- _Problem to work on_
Return the line that has "La antigua pirámide" and all lines below it through the last, exactly as they stand; omit pictures.

- _Data_
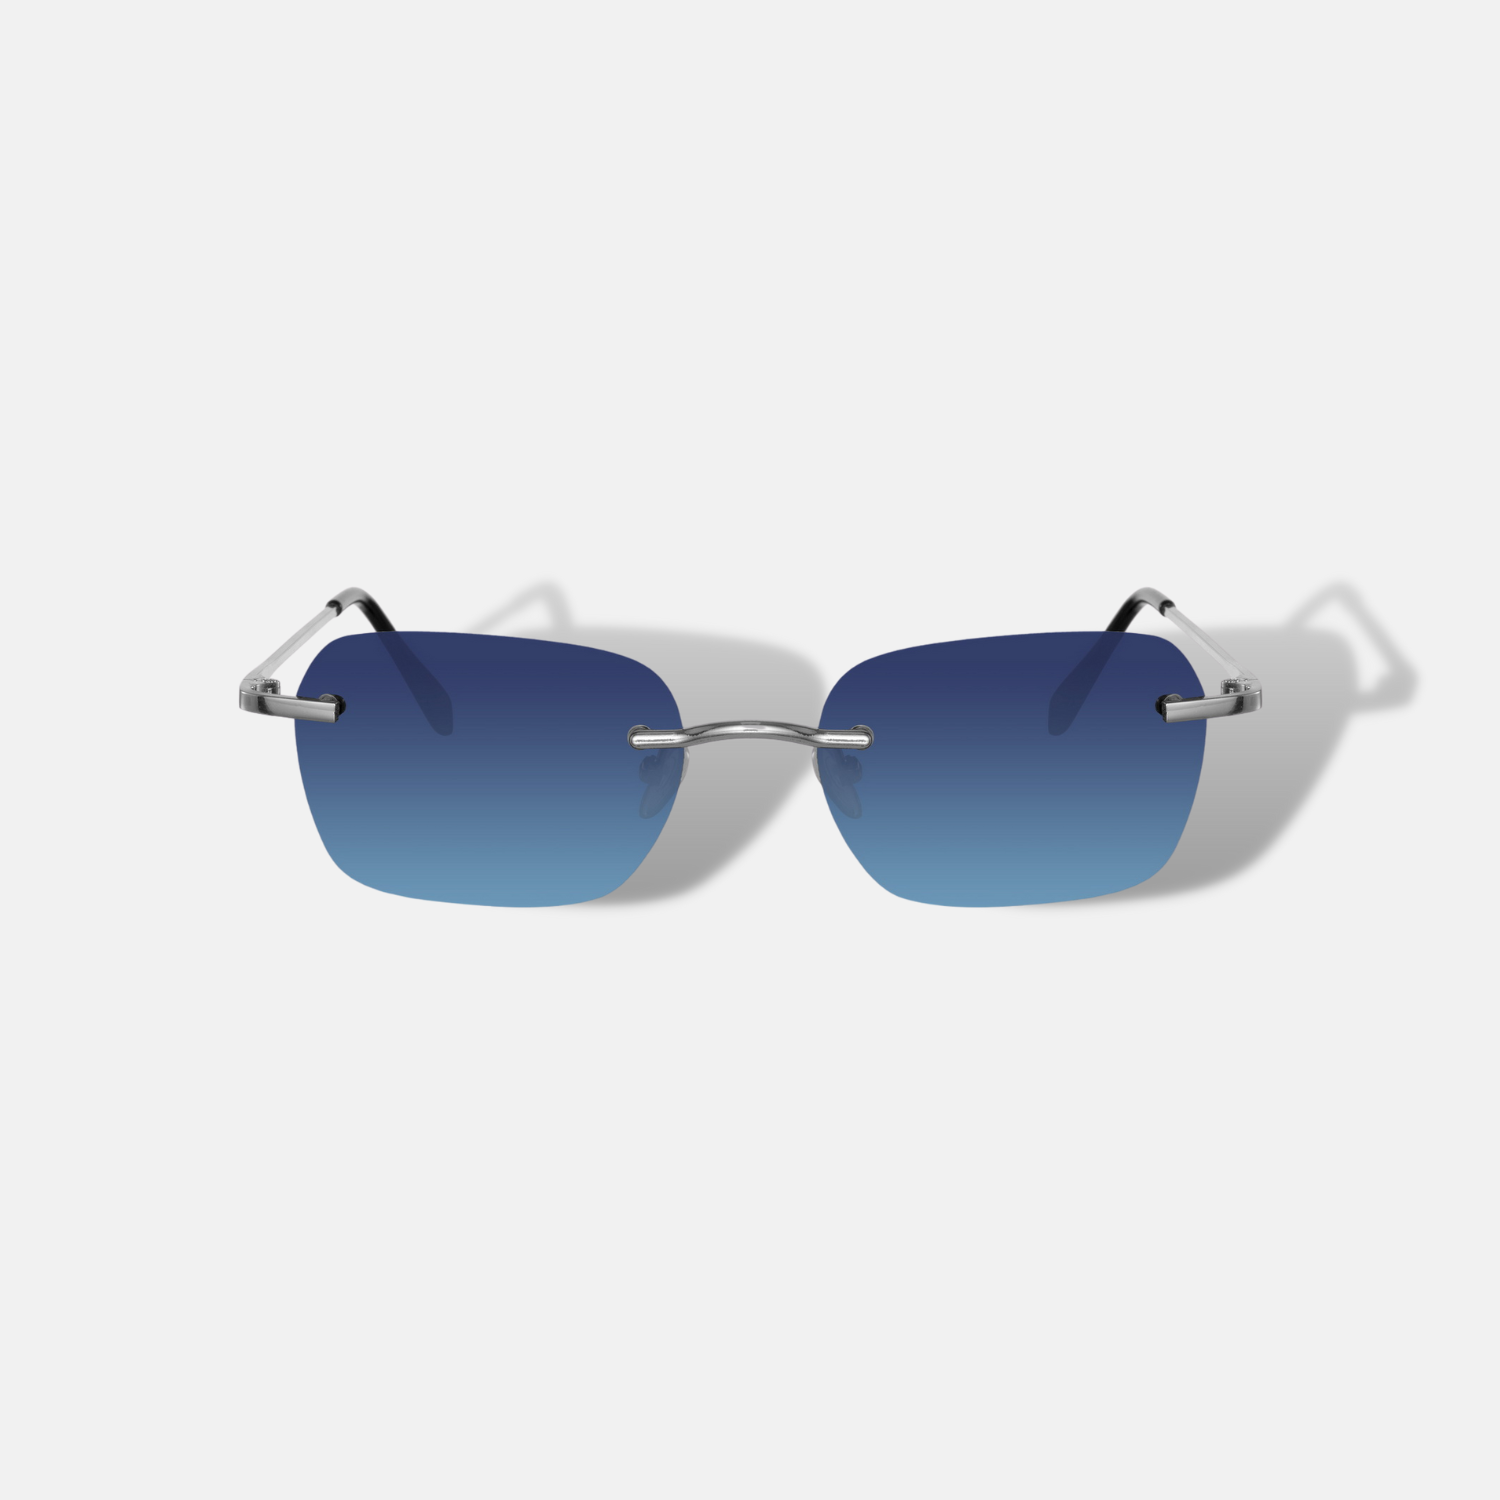 Unsere Sonnenbrille bietet hervorragenden Schutz vor schädlichen UV-Strahlen und vereint dabei Komfort und stilvolles Design. Mit der neuesten Kollektion bieten wir eine große Auswahl an hochwertigen und trendigen Sonnenbrillen für Damen und Herren
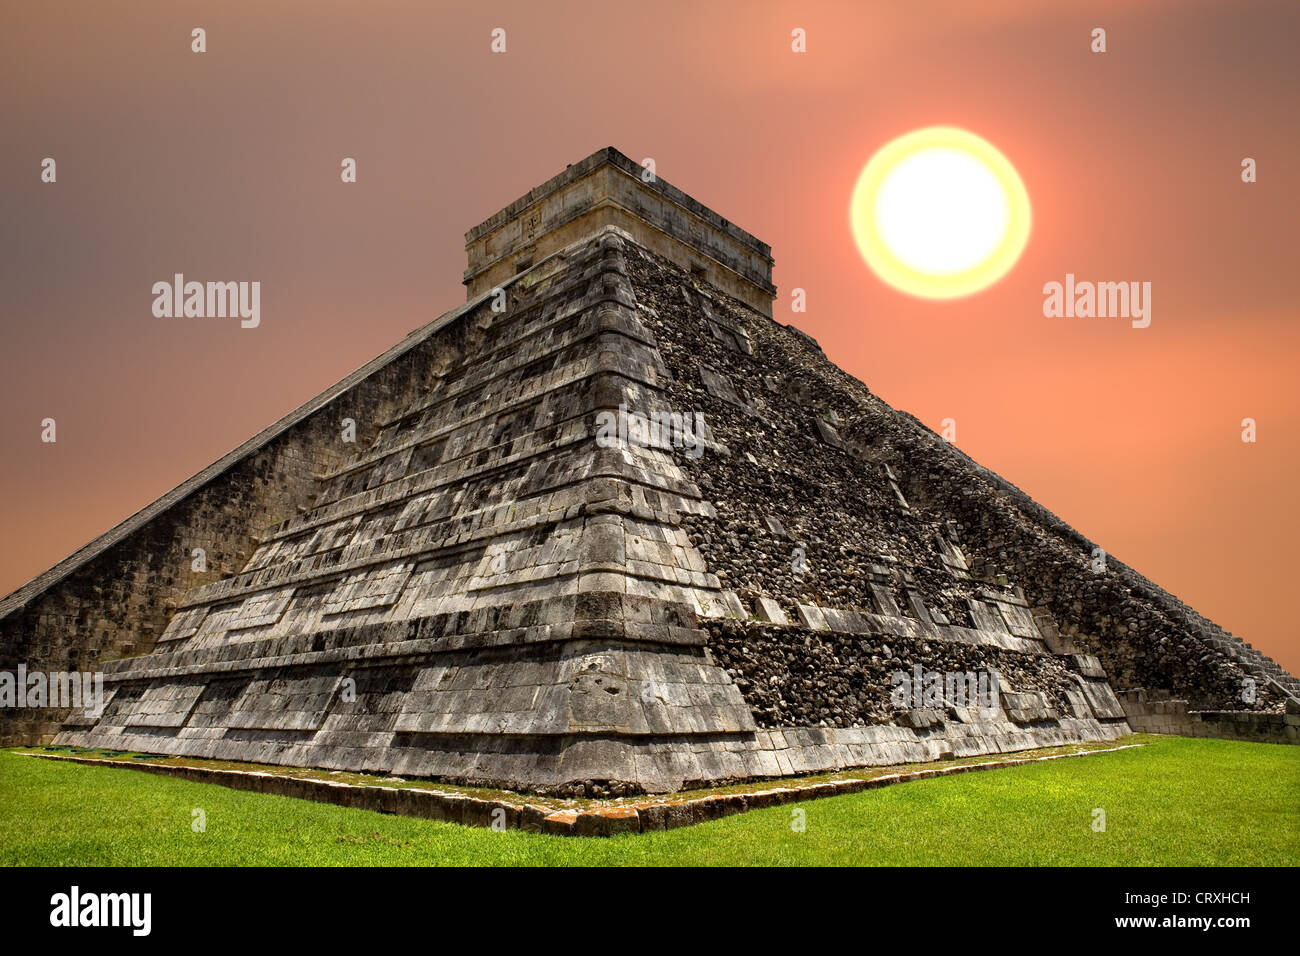 La antigua pirámide maya, el templo de Kukulcan en Chichen Itza, Yucatán, México Foto de stock
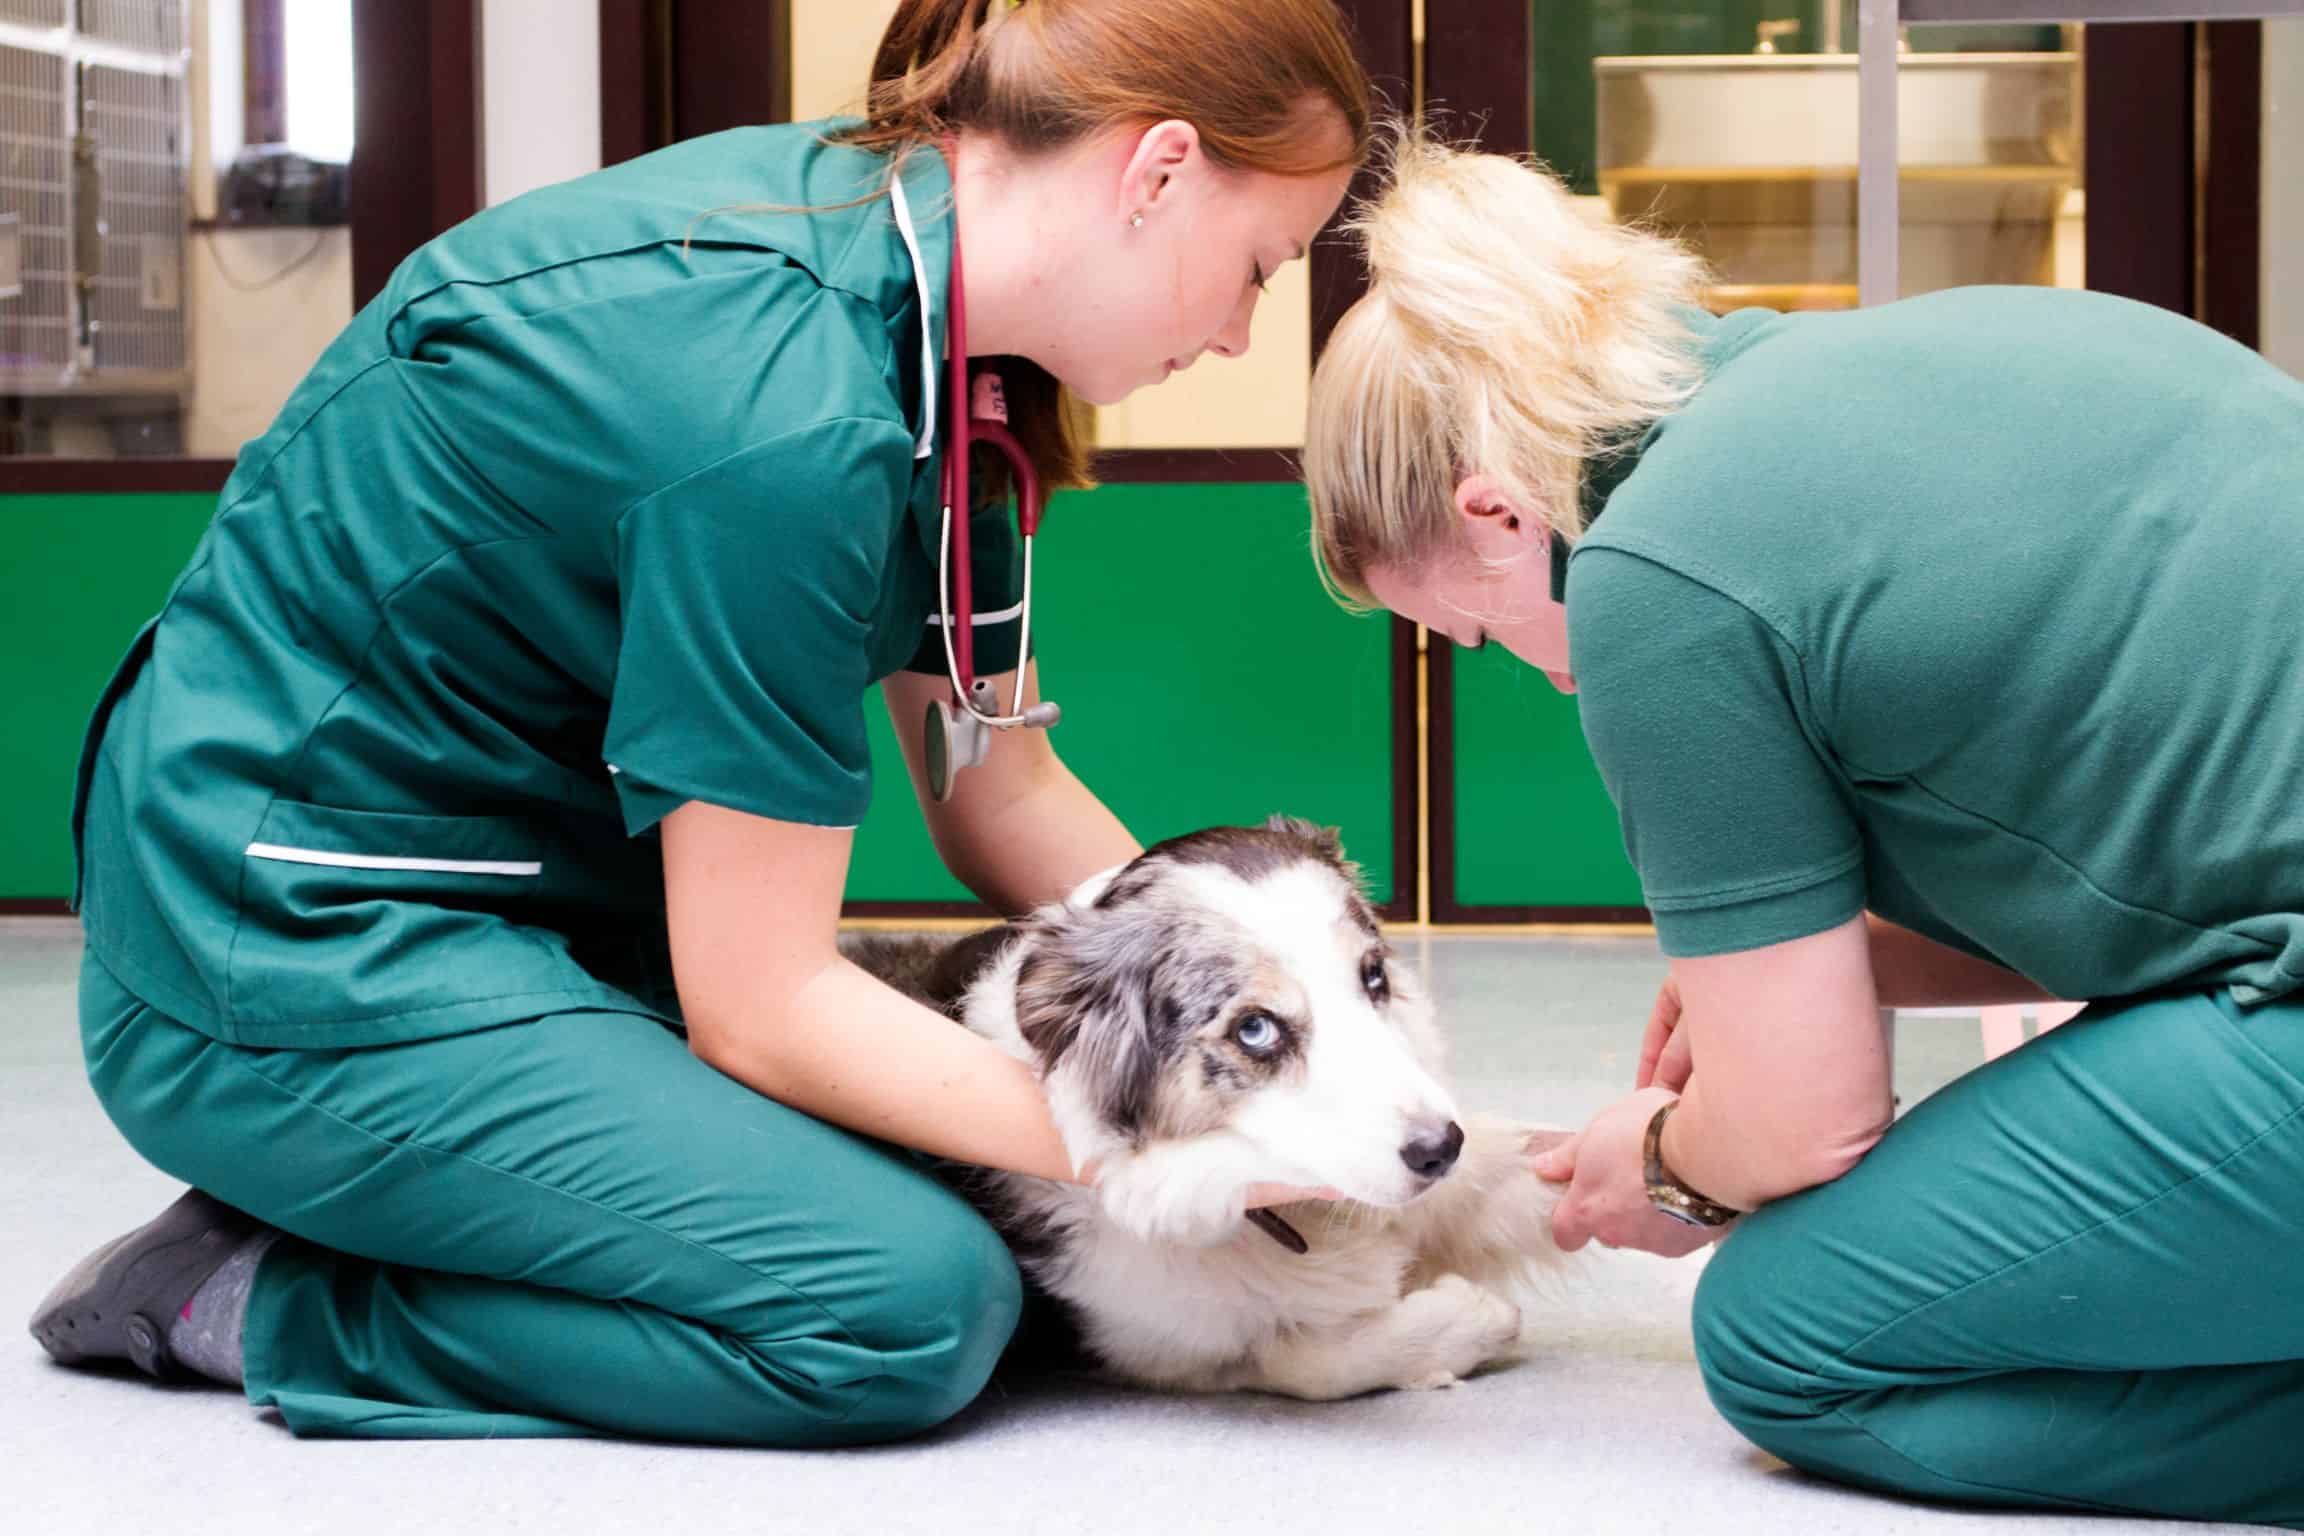 veterinarians in action

- _Solution for this exercise_
 La antigua pirámide maya, el templo de Kukulcan en Chichen Itza, Yucatán, México Foto de stock
 veterinarians in action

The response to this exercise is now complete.